In The Pipeline: The outdoors is his classroom

March 28, 2012|By Chris Epting
  • Gerald J. Bakus.
Gerald J. Bakus.

About two years ago, I experienced my first grunion run — a late-night visit to the beach in the hopes of seeing mobs of the elusive fish, the grunion, appear to perform their mysterious spawning rituals.

I'd heard many stories of people trying for years to witness the spectacle, following the suggested nights when the moon and tides are just right. Of course there's no guarantee, but on the night we went, we scored big — tens of thousands of the fish appeared on the beach starting around midnight.

I wrote a column about the unique experience and, shortly after, received a note from Gerald J. Bakus, a professor of biology at USC. Bakus explained that he was working on a book, "Natural History of California," and asked if he might use one of my grunion photos, which was fine by me.

About a year later, last spring, I received a follow-up note from Bakus saying that his book was finished and that he was sending me a copy. When it arrived, neither my son nor I could put it down. Part of a series of "Natural History" titles he has created (which include Nevada, Oregon, Santa Catalina Island and, soon, New Mexico), the titles are all crammed with facts, histories and photos that, together, form the definitive natural histories of each region. The books are impressive not just in their scope, but in their crisp organization and simplicity — they are terrific.

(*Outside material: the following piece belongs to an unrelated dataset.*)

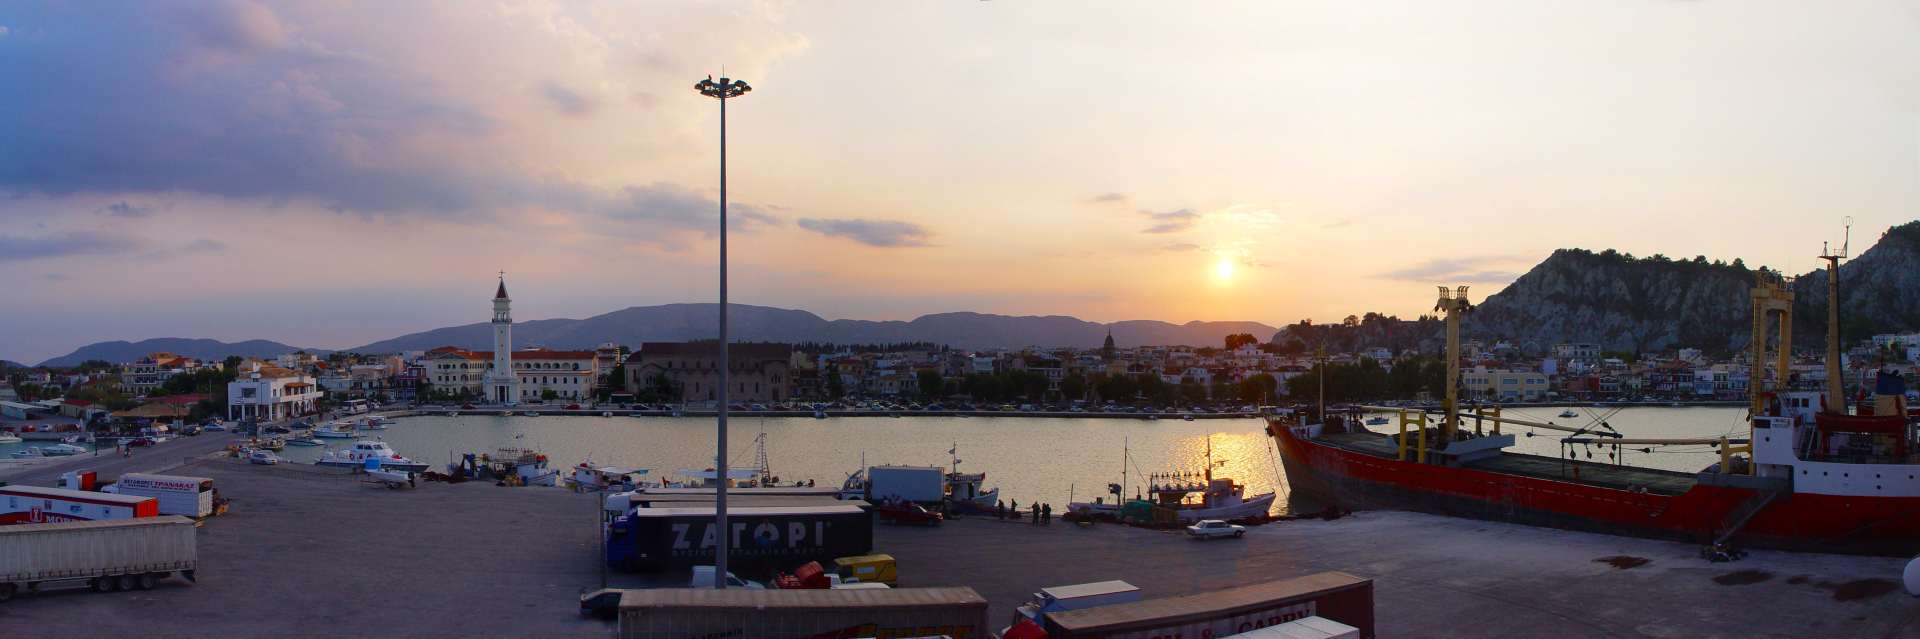 Bild vom Sonnenuntergang am Hafen auf Zakynthos
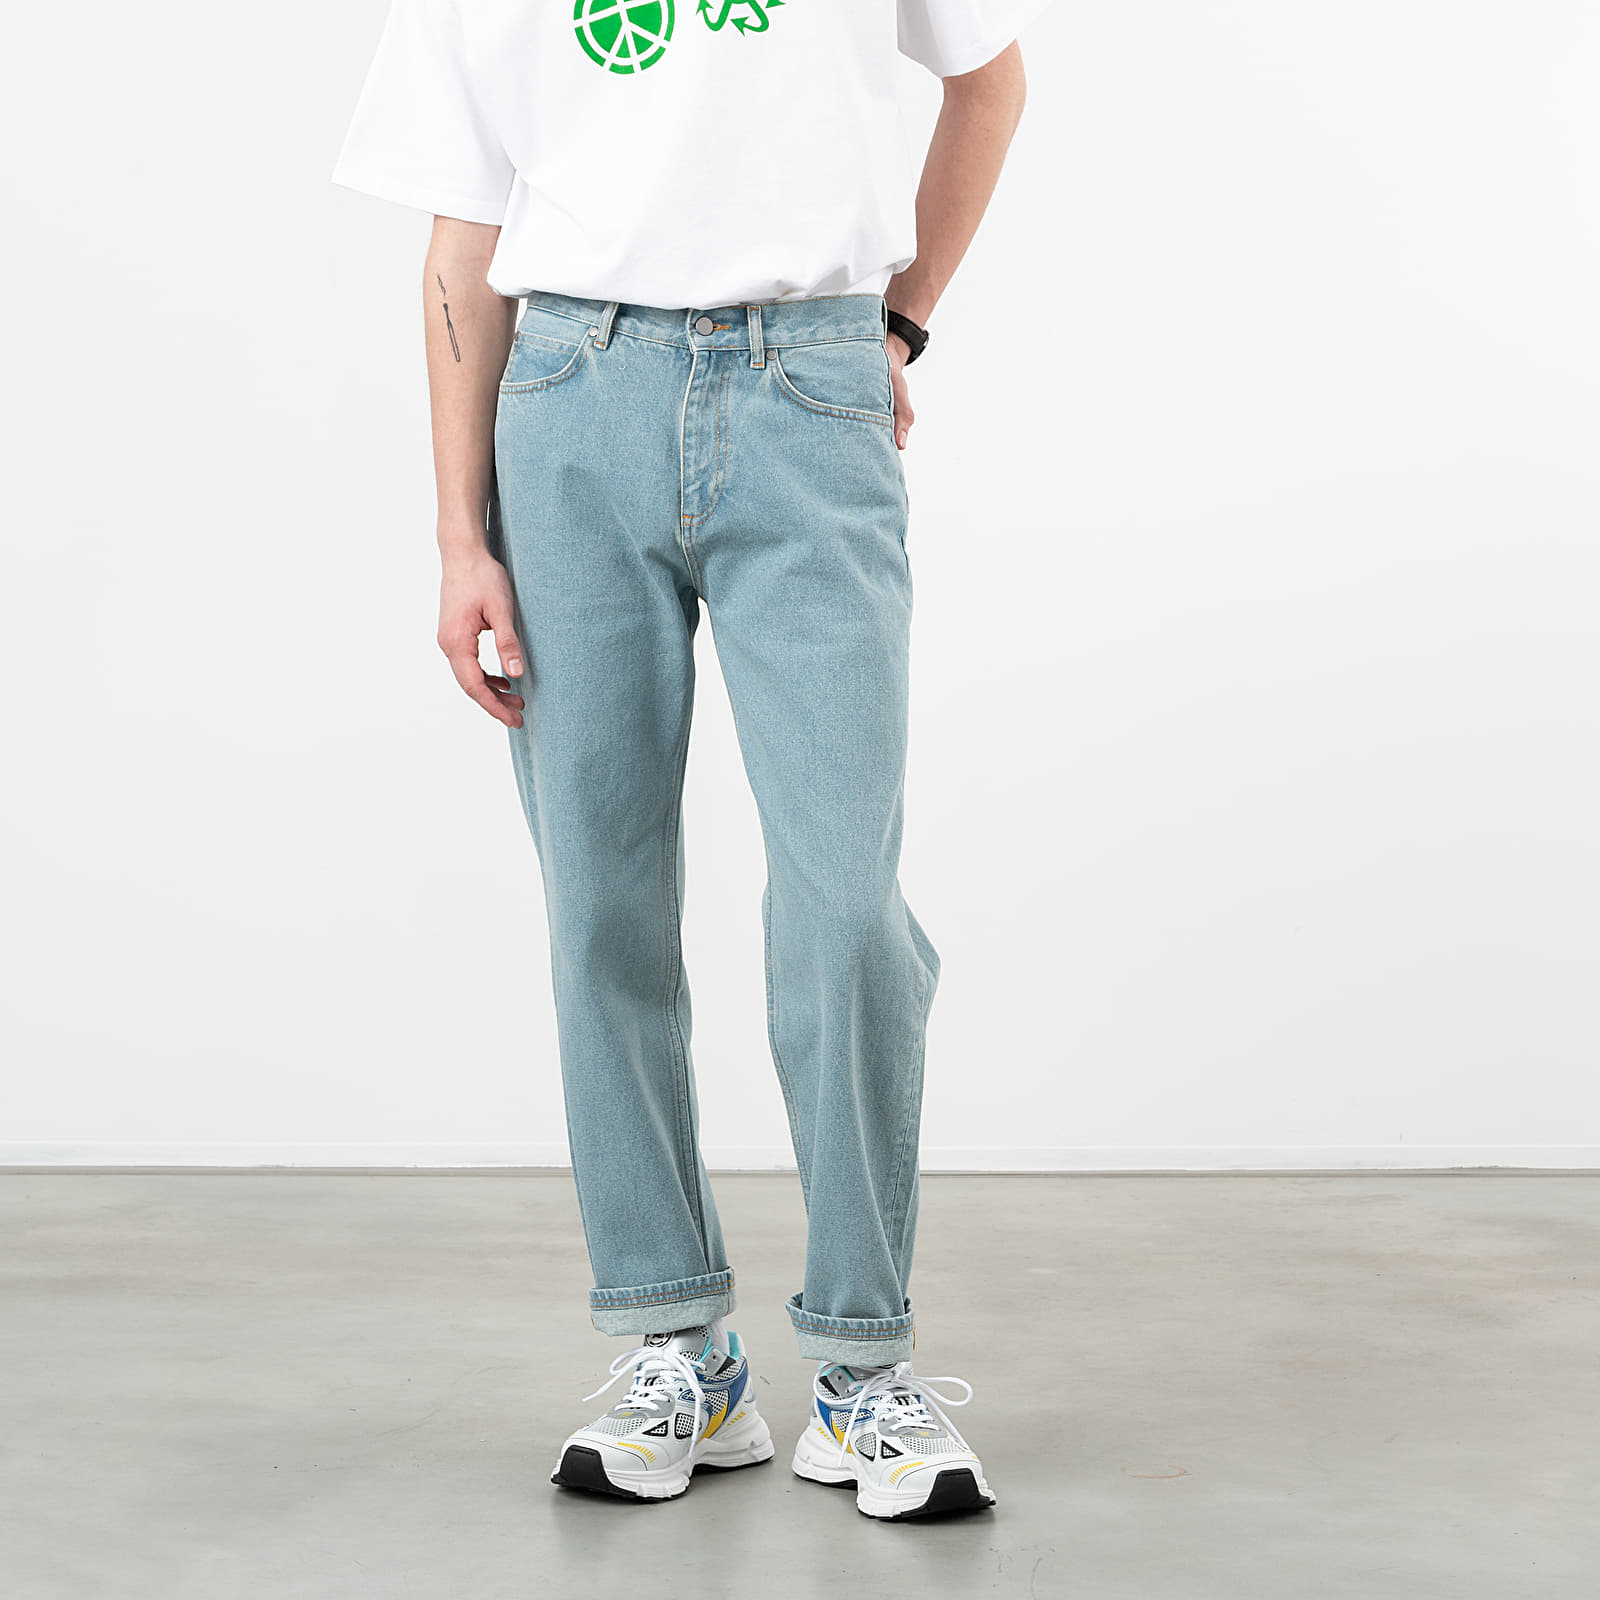 Pantalons PACCBET Loose Straight Cut Jeans Light Wash Blue

Right around the time I received the book, we learned that our son Charlie would be attending USC, and this semester, he is very pleased to be taking Bakus' course on California's natural history. It's so funny how things work out sometimes.

Recently, the three of us had lunch together on campus, but before eating, Bakus took me through his lab, a wonderfully old-school space stocked with books, specimen jars and microscopes. I learned that not only was this going to be the professor's 50th year teaching biology at USC, but that he is approaching his 50th year as a Huntington Beach resident, as well.

That had never come up and I had no idea he had raised his family here, but I knew I'd want to write about him, given what an interesting member of the community he is.

Bakus completed his Ph.D. in zoology at the University of Washington, Seattle in 1962 and has field experience from the Aleutian Islands, Iceland, the Antarctic Peninsula and the Galapagos Islands to the tropics.